- **Task to carry out**
Leaving the pictures aside, repeat each line below exactly.

- **Provided data**
────

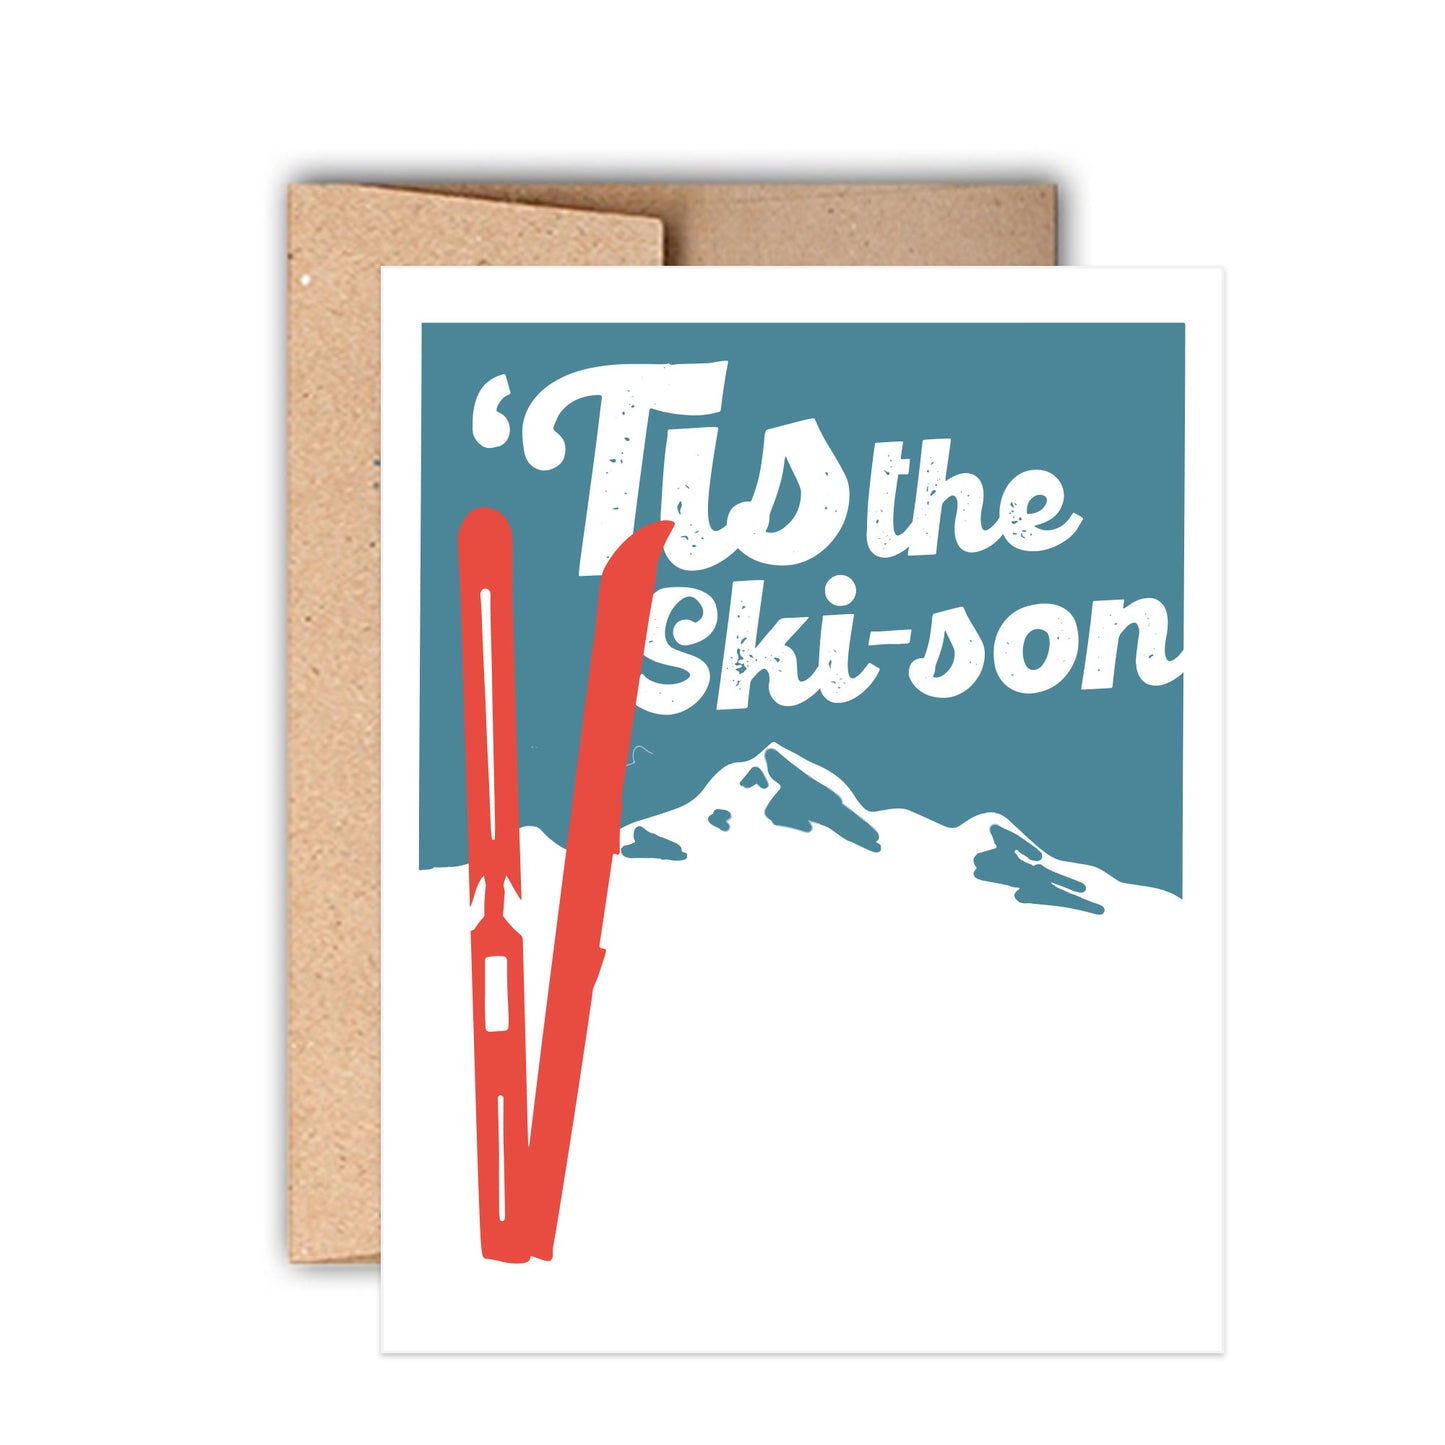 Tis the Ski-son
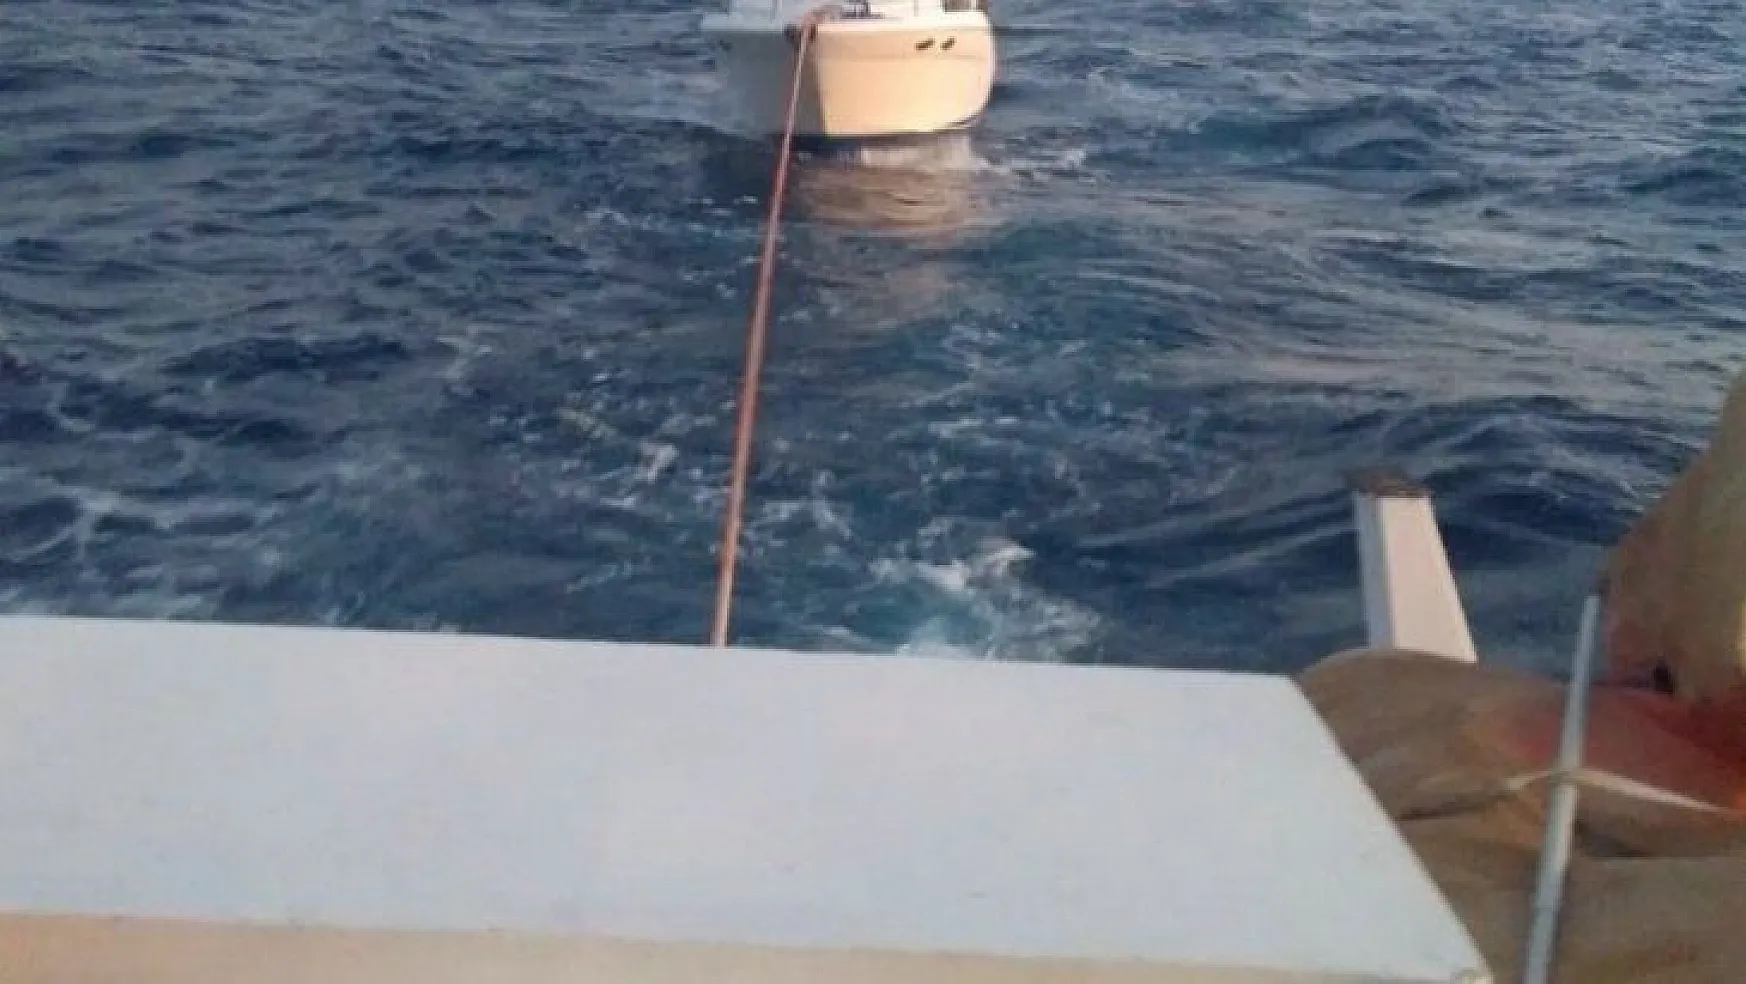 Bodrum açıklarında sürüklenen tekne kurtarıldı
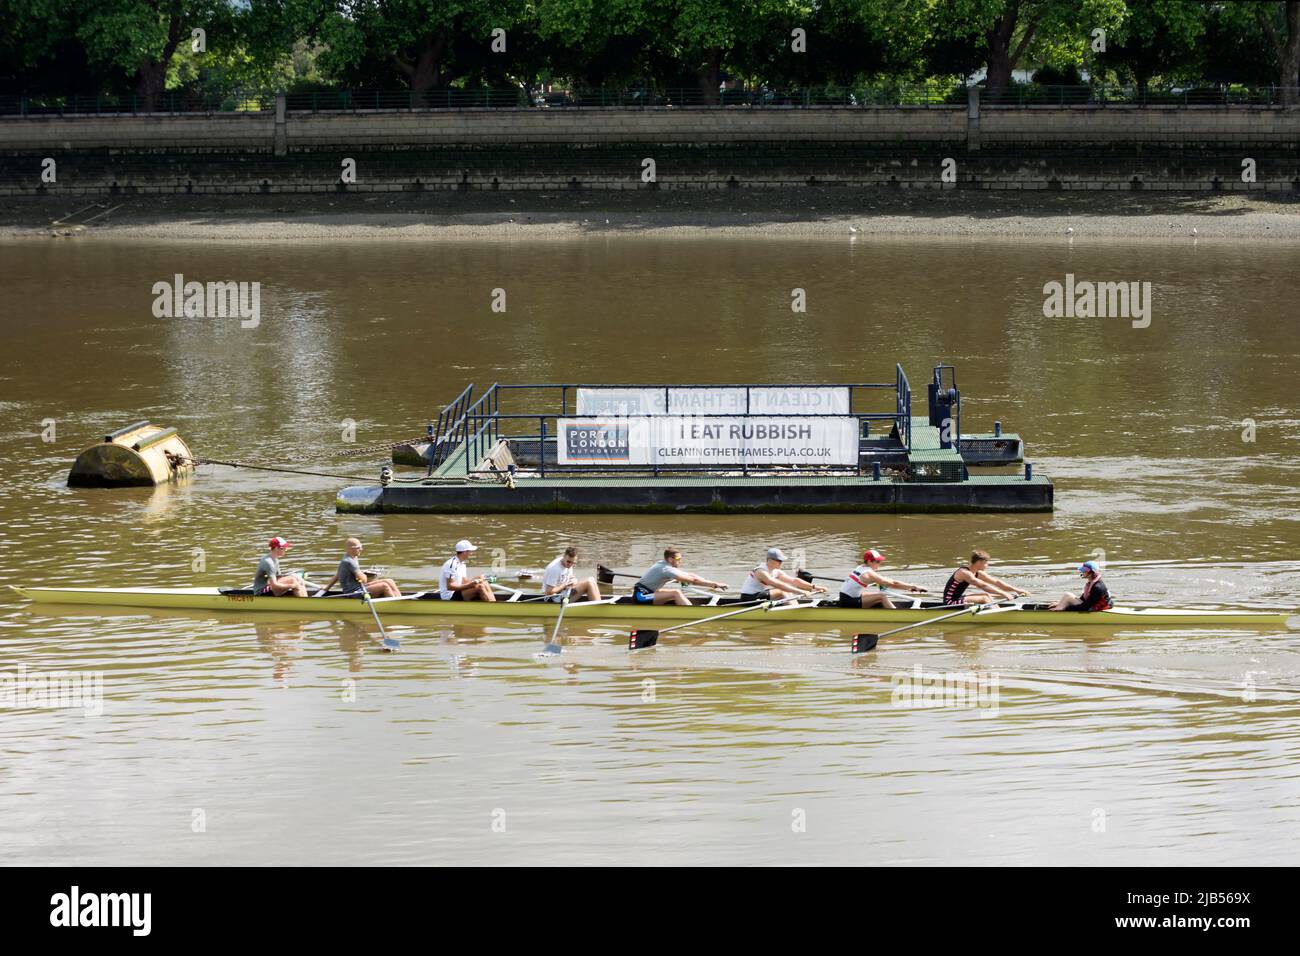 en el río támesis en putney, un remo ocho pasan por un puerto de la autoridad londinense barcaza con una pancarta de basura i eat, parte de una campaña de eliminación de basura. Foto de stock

────

- **Result of the task**
 Tis the Ski-son
 Bodrum açıklarında sürüklenen tekne kurtarıldı
 en el río támesis en putney, un remo ocho pasan por un puerto de la autoridad londinense barcaza con una pancarta de basura i eat, parte de una campaña de eliminación de basura. Foto de stock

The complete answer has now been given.